Lastly, knowledge IS power, of course, but we live in the information age where any teenager with a smartphone has access to more information than the President of the United States had before 1995. We can lose years to research, ideas, consuming knowledge instead of getting started. It’s too easy to slip into diminishing returns here, and let’s remember Einstein’s quote: “Information is more important than knowledge”.
So, what are the updated rules of success?
- How we manage our brain: are we fuelling confidence or doubt?
- How we make decisions and implement them: indecision is a decision to do nothing
- How we face the fear of failure: failure creates success, if you’re not failing, you’re not succeeding
3. The end of the 40-hour work week
The 40-hour work week is widely regarded as being outdated. It was initially created to help workers work less as a form of standardisation for employee rights, but just how effective it is in the 21st century has been increasingly questioned.
Our industries and jobs have evolved and they no longer fit into the working decisions that were made in 1900.
Countries like Japan and Germany have seen an increase in productivity with many businesses already making the switch to a four-day work week. And that’s just the beginning.
Intel reported that during the COVID-19 pandemic, giving their staff more freedom in managing their time for themselves has meant they’ve been able to finish their work early – they have more focused time on, and more relaxing time off.
So, if we want to end the productivity paradox, we want to manage our brains, update our education and look at the impact of removing the 40-hour work week for other countries and industries.

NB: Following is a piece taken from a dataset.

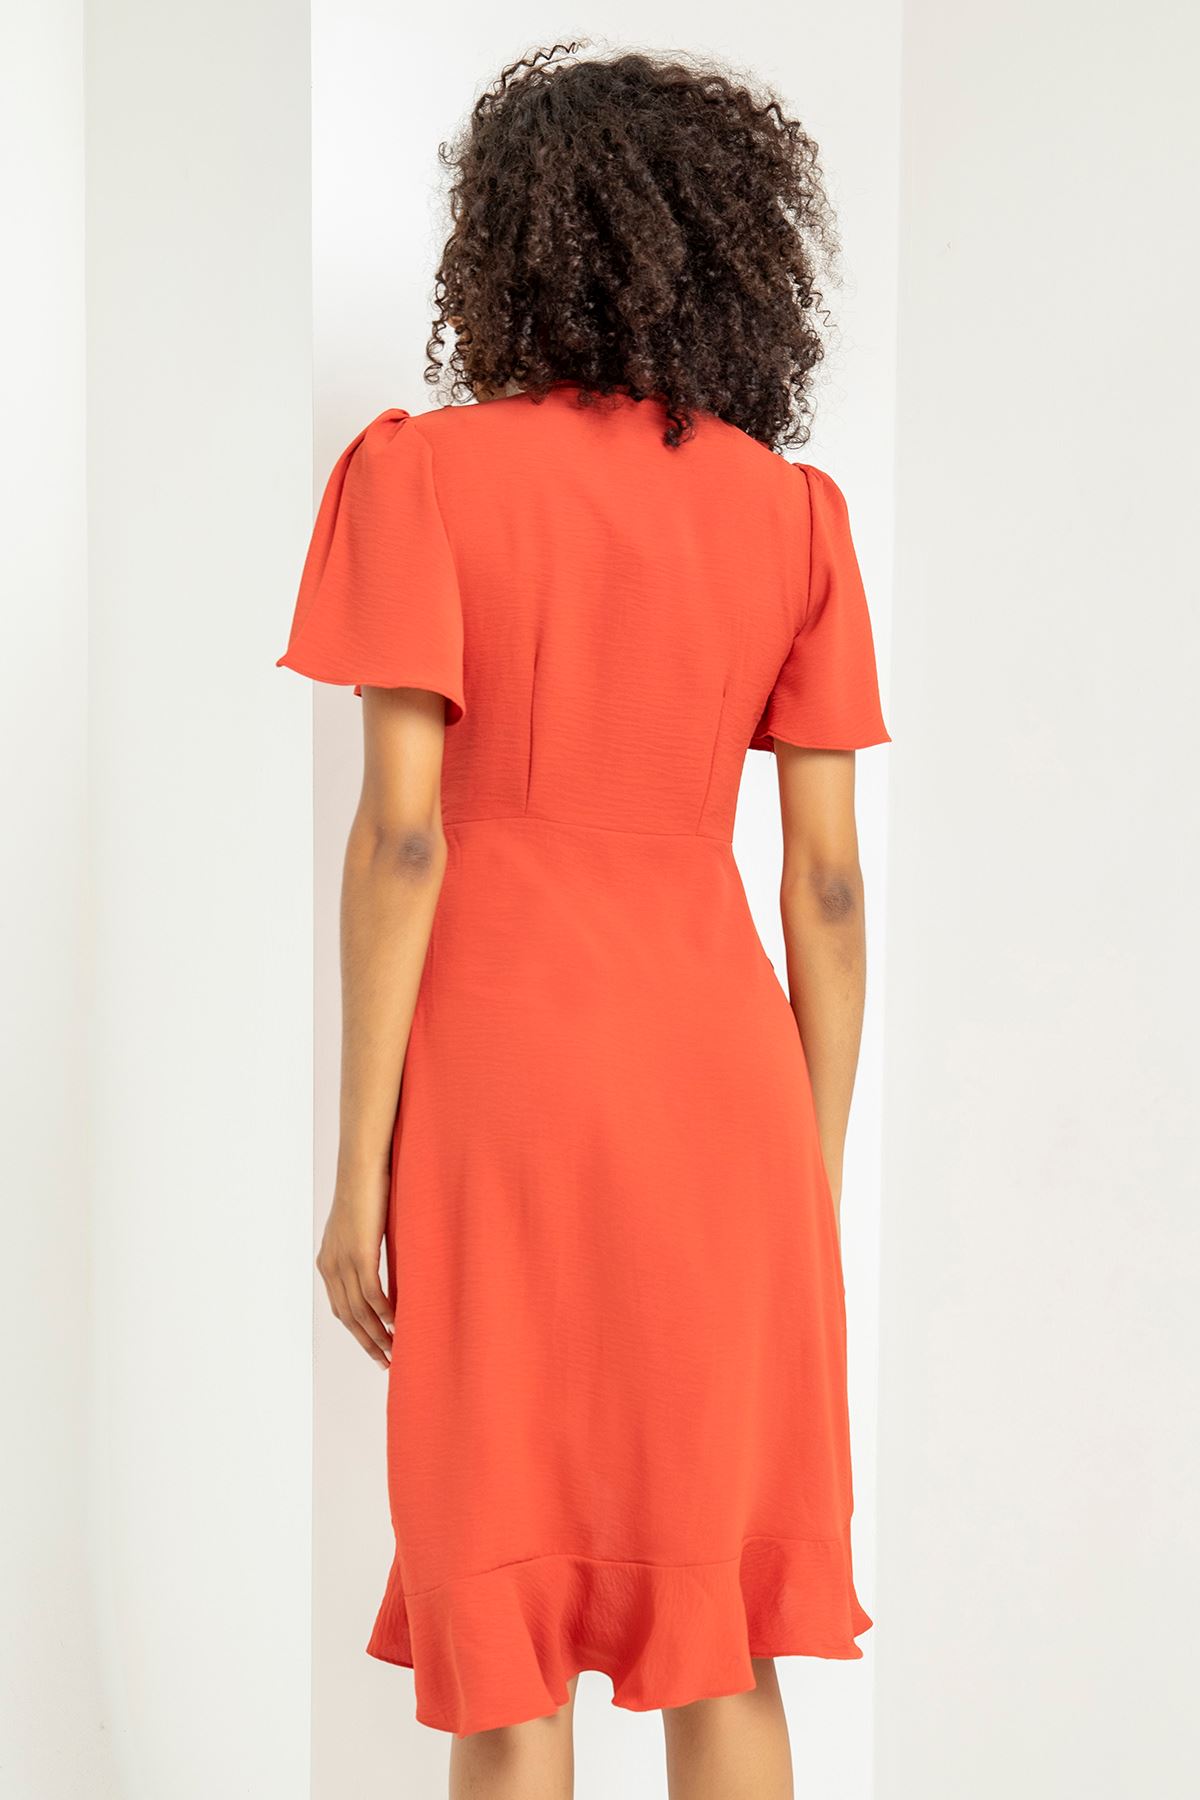 Аэробин Ткань воротник с воланами средний длины женское платье - Оранжевый

This starts in some cases at the individual level, since more and more people are working for themselves, and can be successfully brought in at the corporate and country-wide level.
For example, just recently Spain has begun a €50 million project to launch a nationwide 4-day work scheme, where any costs of reducing the number of days worked will be paid by the government during the pilot.
Microsoft saw fantastic success when they trialled a 4-day work week with a team of 2,300 in Japan, recording a whopping 39.9% uplift in productivity and 92% of workers liked the new schedule.
It’s one thing to read articles, it is another thing to implement them. Pick one thing from today and implement it - maybe it is an hour off a week, maybe it is choosing to build your failure muscle by experimenting even if it means failing, or maybe it is switching off notifications on your phone during your work day.